Established in 1910, it is the oldest Akashian party still in existence, and one of two whose existence predates the Akashian Civil War. Long a rival of the Socialist Party as the largest party on the Akashian left, it remains a notable third party and produced one Prime Minister, Shinobu Furukawa.
History
Early years
The party was founded in 1910. From the beginning, it united disparate streams of the left under the same banner, including anarcho-syndicalists, orthodox Marxists, religious socialists, and authoritarian socialists.
It aligned itself with the rising labour militancy and revolt against capitalist inequality during the following decades, and by the 1930s it was one of Akashi's largest parties. It was a bitter enemy of the Futurist Political Party, the leading party of the far-right.
Civil war
During the Akashian Civil War, it led the United Red Army, which united the left-wing parties against the threat of Political Futurist dictatorship.
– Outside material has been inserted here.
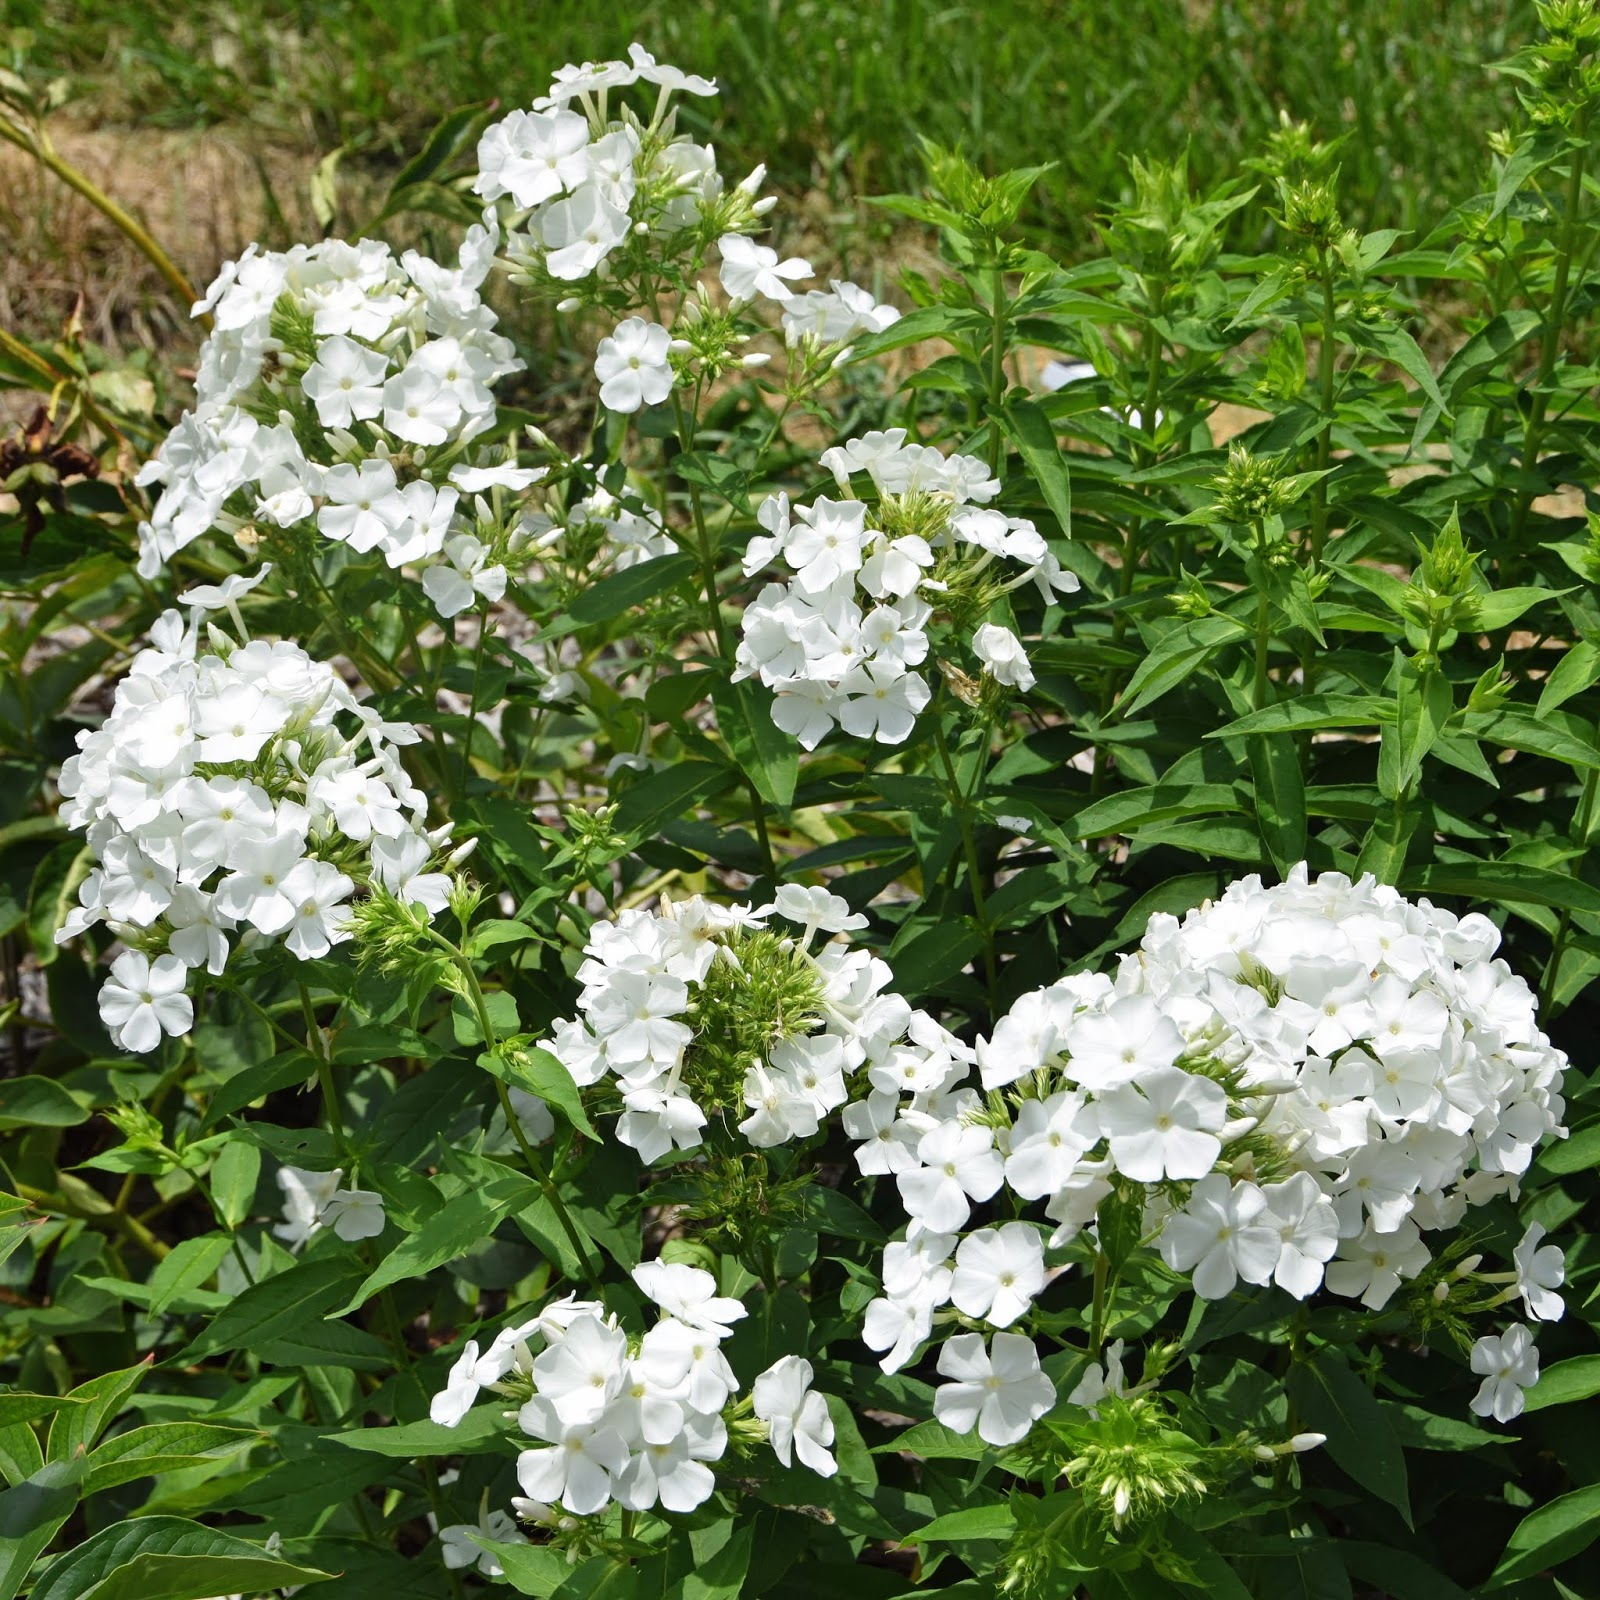 2018 peony companion plants tall garden phlox paniculata - Tall Garden Phlox

The faction was notably strong in northern Akashi, which laid the foundation for the party's future strength in Kobi.
The URA largely shouldered the bulk of the battles against the Great Akashi Army, and formed an alliance with the National Renewal Movement. When the GAA had been defeated, the URA was left exhausted by the war, and NRM leader Yurika Ehara seized the advantage. A combination of offensives and generous concessions enabled a peace deal with the URA, leaving her the victor of the civil war.
Struggle for the left
The failure to win the civil war caused deep outrage and fissues within the CP. In the Constituent Assembly election of 1940, it won only 3,5% of the vote and 4 party seats, a steep drop from its pre-war performance. Internal rancour culminated in the authoritarian socialist faction splitting in 1942 to form the Workers' Party.
The party languished at around 3–4% of the vote in general elections during the 1940s and 1950s, despite obtaining higher support (8–10% range) in provincial and prefectural elections. Vote-splitting with the WP remained a problem at the national level, as did factional battles over the party taking a "peaceful line" or "militant line".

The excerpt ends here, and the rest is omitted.